Tuesday, April 28, 2009

Second Mortgage Incentives

One big snag in Obama's housing plan has been the second mortgage issue. They can complicate or completely stop a refi. A second loan that must be contended with in order to stave off foreclosure. Since the original unveiling of the housing plan this past March, this one big issue has remained problematic. Well, today plan will be released. In the Wall Street Journal's article titled Obama to Unveil Incentives for Mortgage Servicers discusses some of what will be forthcoming. Let's take a look -

The Obama administration on Tuesday will unveil a fresh set of incentives for mortgage servicers to help strapped homeowners, a senior administration official told Dow Jones Newswires.

Under a new program, the government will pay mortgage servicers $500 upfront and $250 a year for three years for successfully modifying a second mortgage, such as home equity loan.
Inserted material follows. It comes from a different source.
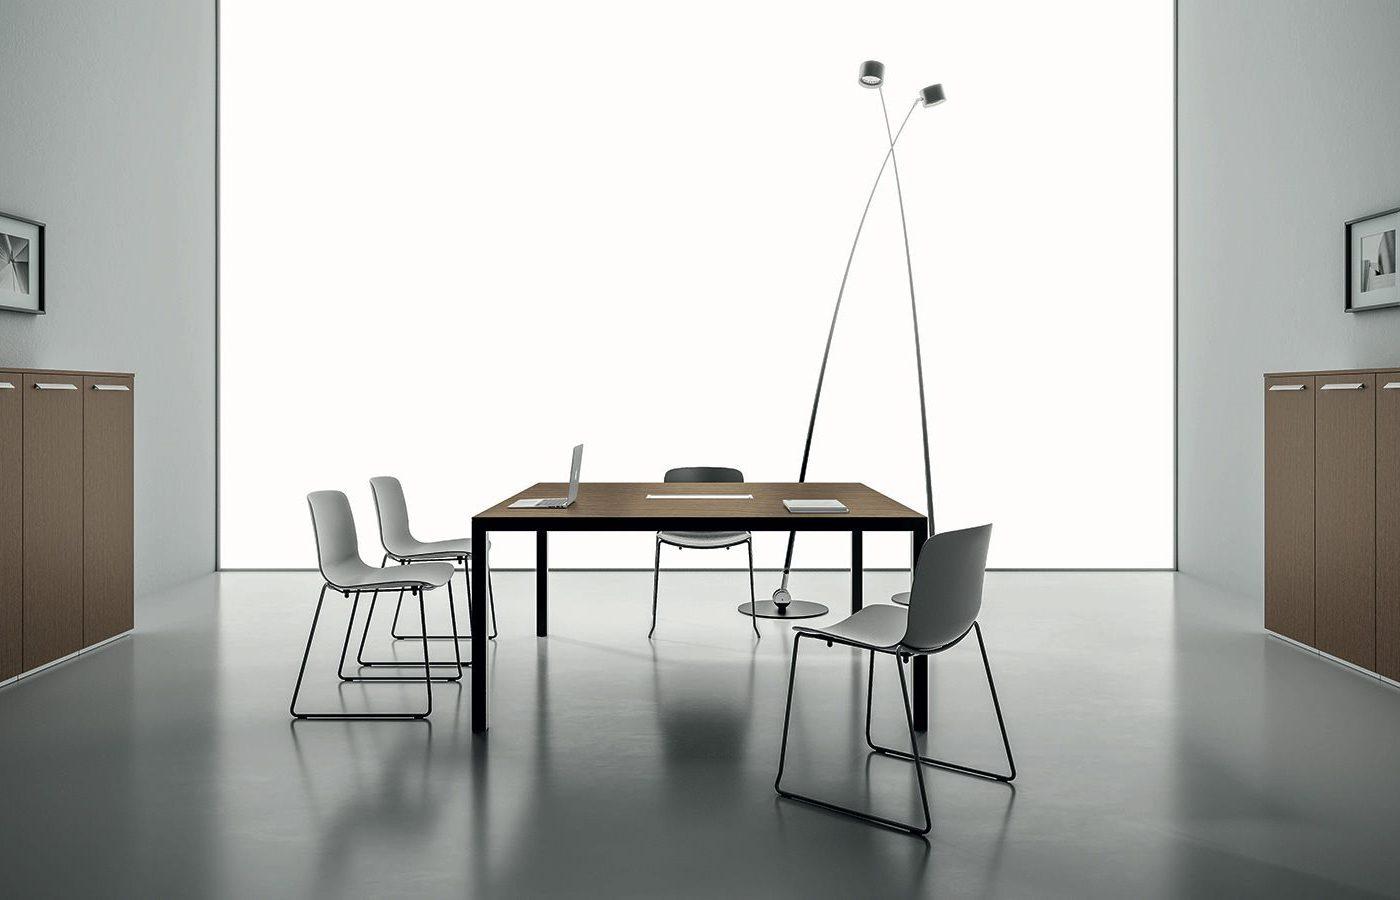 dvo_tavoli_DV990_executive-table_gallery_15_zoom
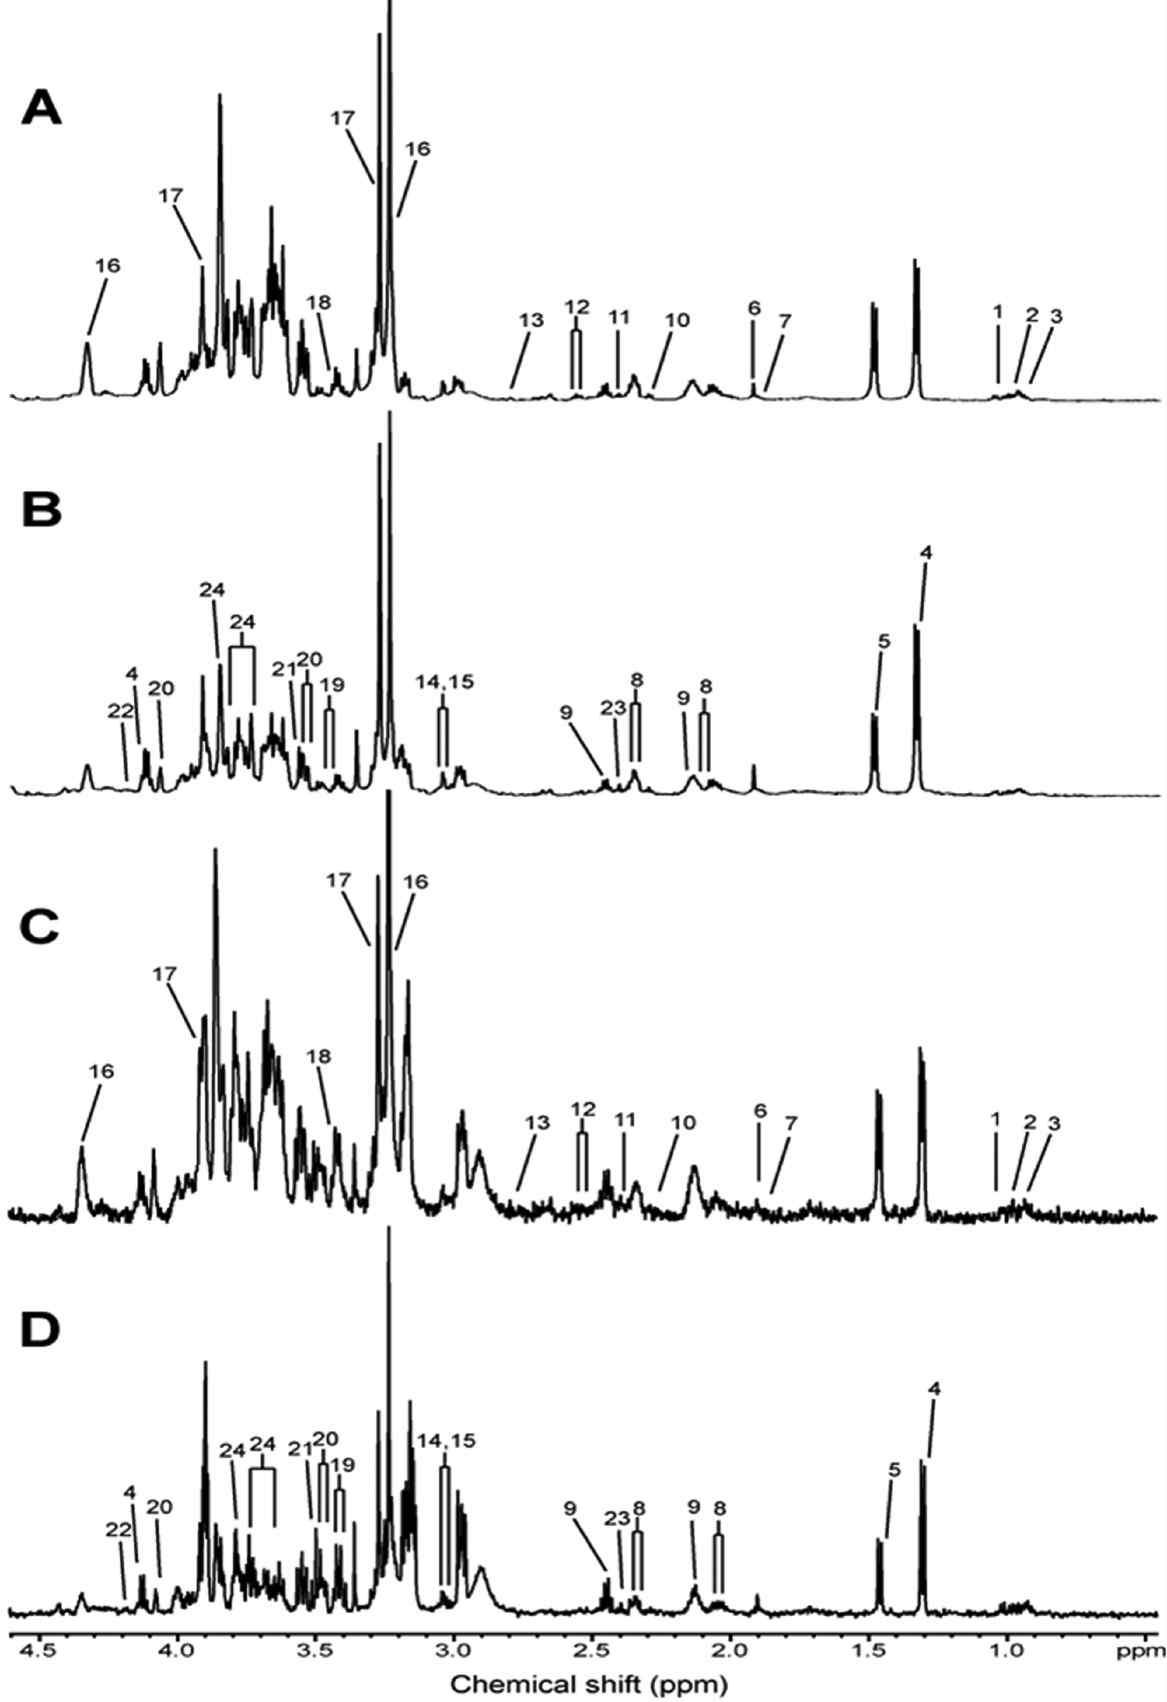 Inner medullary collecting duct (IMCD) 세포 추출 시료에 대한 대표 NMR 스펙트럼

Separately, the administration will unveil a schedule of incentives for holders of second mortgages to extinguish those liens voluntarily, the official said.


The issue of second mortgages has been dogging policymakers ever since the onset of the foreclosure crisis. A large share of troubled borrowers also have a second mortgage on their home, which is typically owned by a different investor than the first mortgage. Such borrowers may not be able to afford their monthly payments if only the first mortgage is modified.

The administration's effort on second mortgages is also aimed at soothing the concerns of investors, who have been crying foul over the Obama housing plan's incentives for servicers. They argue the first mortgage shouldn't be modified if the second one is left untouched. They also contend the banks that dominate mortgage servicing are conflicted because they own more than $400 billion of second mortgages. Such banks stand to gain from modifying the first mortgage because the second mortgage is more likely to be repaid once the homeowner is saved from foreclosure.

We will be waiting to see what these incentives are. The financial incentives may be worth the closing of smaller lines and shakier clients. It is really hard to understand what the incentive for those lines that have well north of $100,000. Are lenders readily going to write-off any six figure or more mortgage? Whatever happens today this will still be a very mess issue.